People with PTSD could be exposed to other risk factors for autoimmune diseases, such as smoking, alcohol misuse, poor diet, and lack of exercise, which can exacerbate immune dysfunction and inflammation​.


Understanding these mechanisms provides insight into how trauma can influence autoimmune conditions like Sjögren's syndrome, highlighting the complex interplay between psychological stressors and physical health.




Regaining hope: Healing from trauma


If you have been personally affected by a traumatic experience, and this has led you to develop an autoimmune condition, all is not lost. Getting treatment for PTSD, including getting psychological therapy and reducing stress, can significantly mitigate the negative effects of PTSD on health. Psychological treatments help reduce chronic inflammation, restore adrenal function, re-balance the autonomic nervous system, and address the immune functions involved. By targeting these areas, various psychological therapies can not only alleviate PTSD symptoms but also improve overall immune health and reduce the risk of developing autoimmune diseases (or help reduce existing symptoms).

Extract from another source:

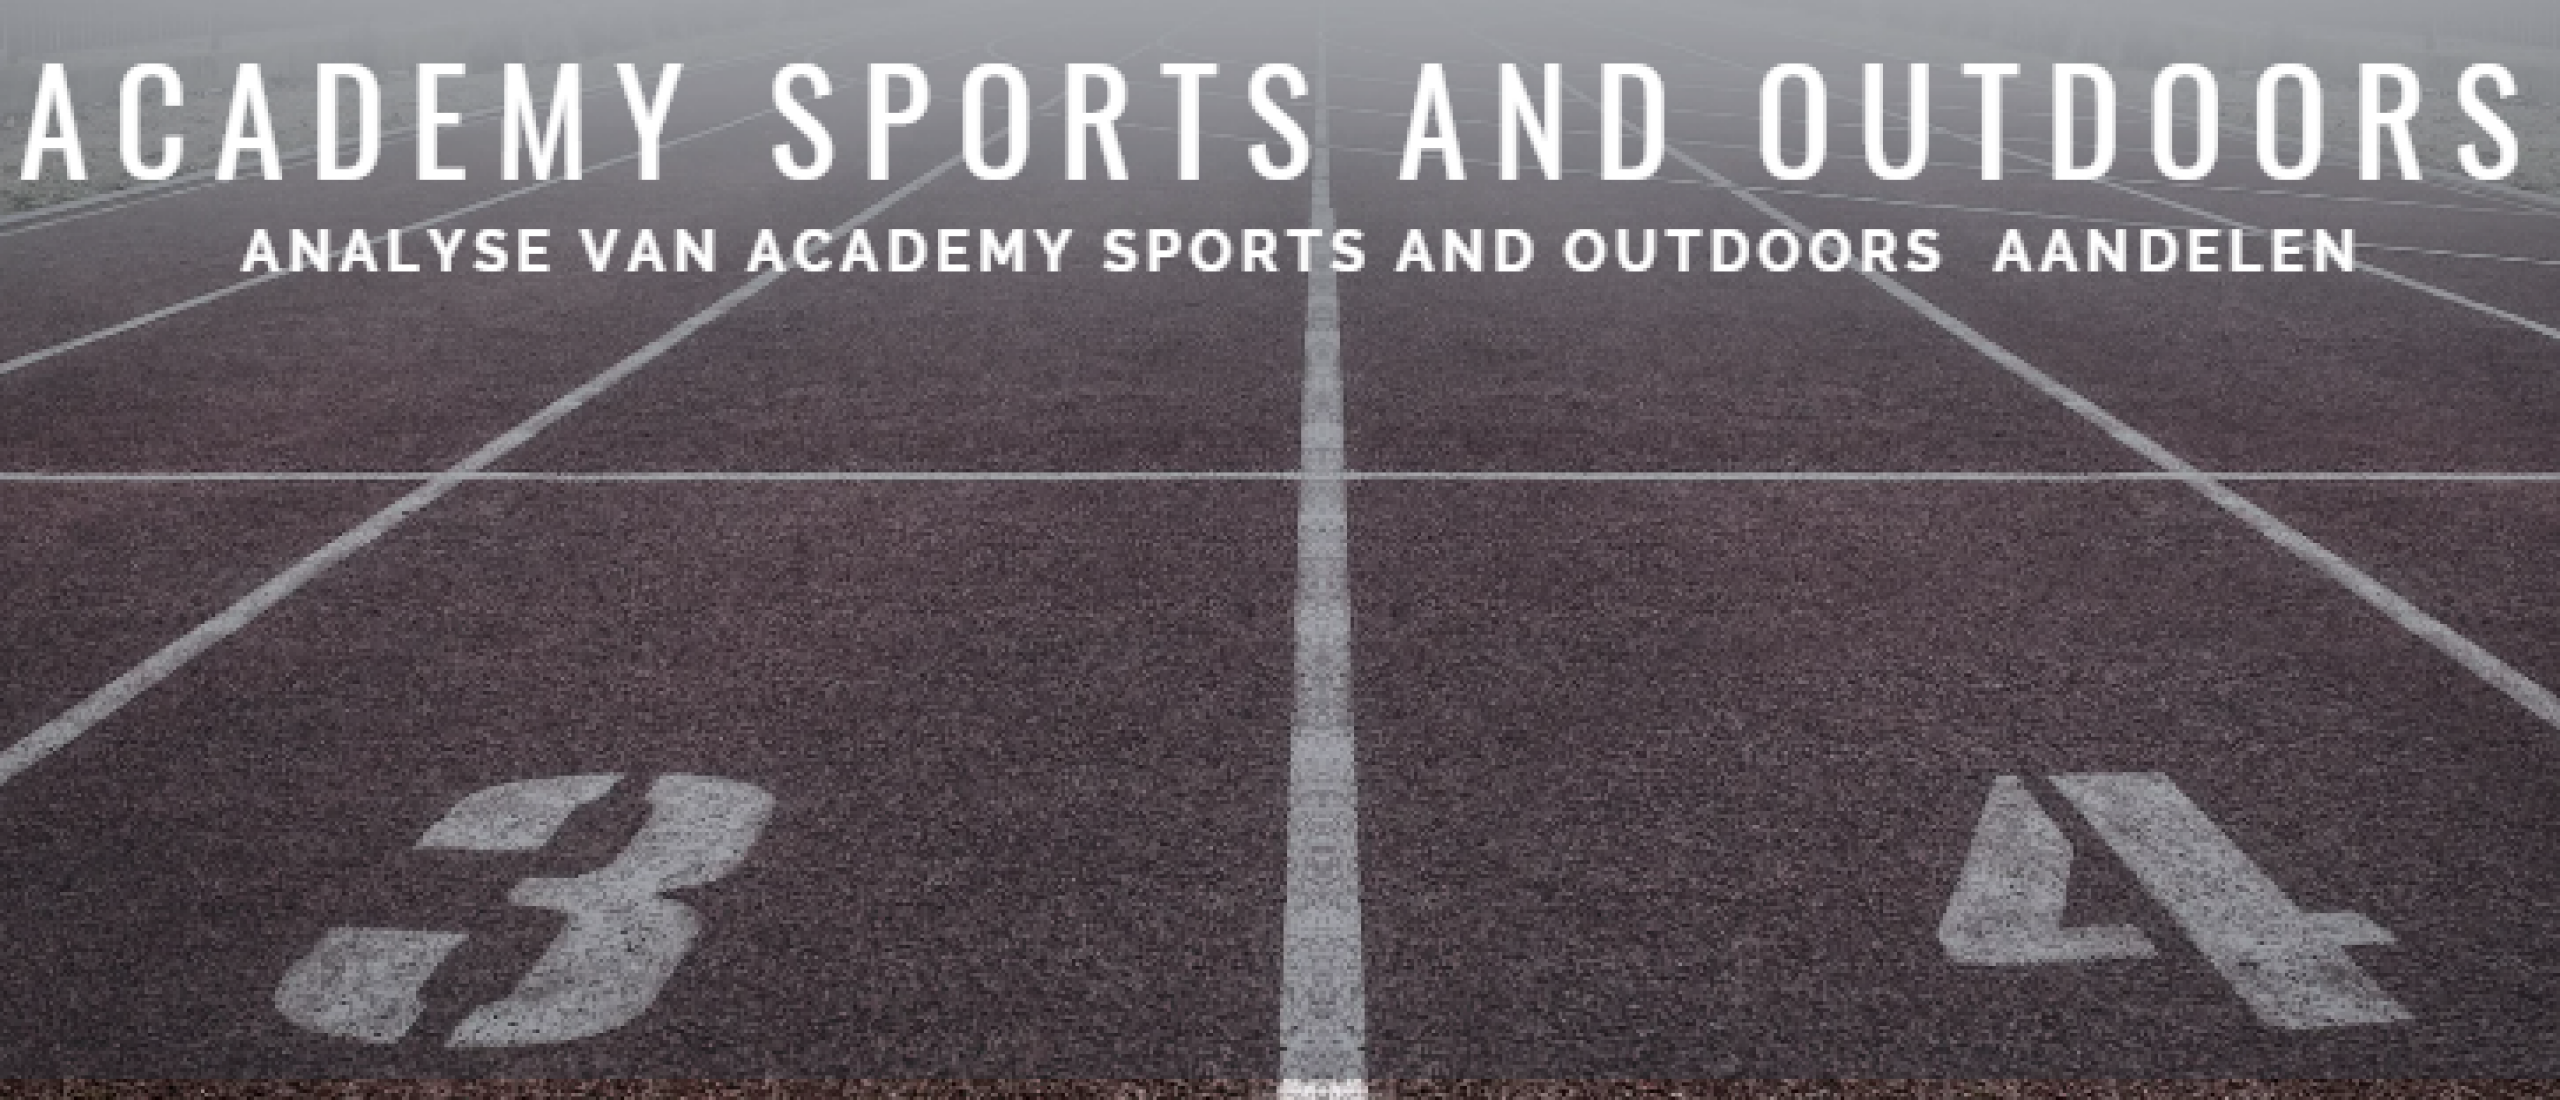 Academy Sports and Outdoors aandelen kopen? Analyse +47% Groei | Happy Investors

Here we present 5 of the most common, evidence-based therapies used to address PTSD:



1. Eye Movement Desensitisation and Reprocessing


EMDR allows people to process and heal from trauma, sometimes without even having to talk about the distressing memories. It uses bilateral stimulation, such as eye movements, taps, or tones, to help the brain process traumatic memories.


Research has shown that EMDR is effective in alleviating trauma symptoms and improving emotional regulation.



An eye represents Eye movement desensitization and reprocessing (EMDR) therapy
EMDR uses bilateral stimulation, such as eye movements, to help the brain process traumatic memories.

2. Acceptance and Commitment Therapy


Emphasizes accepting one's thoughts and feelings without resistance or guilt and committing to actions that align with personal values.


Research has shown ACT to be effective in reducing trauma symptoms and enhancing the ability to adapt to challenging emotional states.



3. Cognitive Behavioural Therapy


Focuses on identifying and changing negative thought patterns and behaviors through techniques like changing distorted thoughts and developing coping skills.


Numerous studies have demonstrated CBT's effectiveness in reducing PTSD symptoms and improving overall functioning.



4. Narrative Exposure Therapy


NET helps individuals chronologically document their life story, enabling them to process and integrate traumatic experiences through structured storytelling.


It has been found to be effective in reducing PTSD symptoms, particularly in individuals with complex trauma, such as refugees or survivors of multiple traumatic events.



5. Somatic Experiencing (SE):


Focuses on the body’s physiological responses to trauma. It aims to release physical tension and trauma stored in the body.


Some research supports SE's effectiveness in reducing trauma symptoms, particularly physical manifestations of trauma.



These evidence-based therapies offer diverse approaches to effectively address PTSD, catering to different aspects of trauma processing and emotional healing




Trauma: a potential root-cause of Sjögren's


To conclude, while the connection has long been suspected - and is something that we at Beyond Sjögren's have always taken into close consideration - there's now mounting evidence suggesting that trauma, alongside related stress, could significantly contribute to the development of Sjögren's syndrome, although a direct cause-and-effect relationship hasn't been firmly established yet.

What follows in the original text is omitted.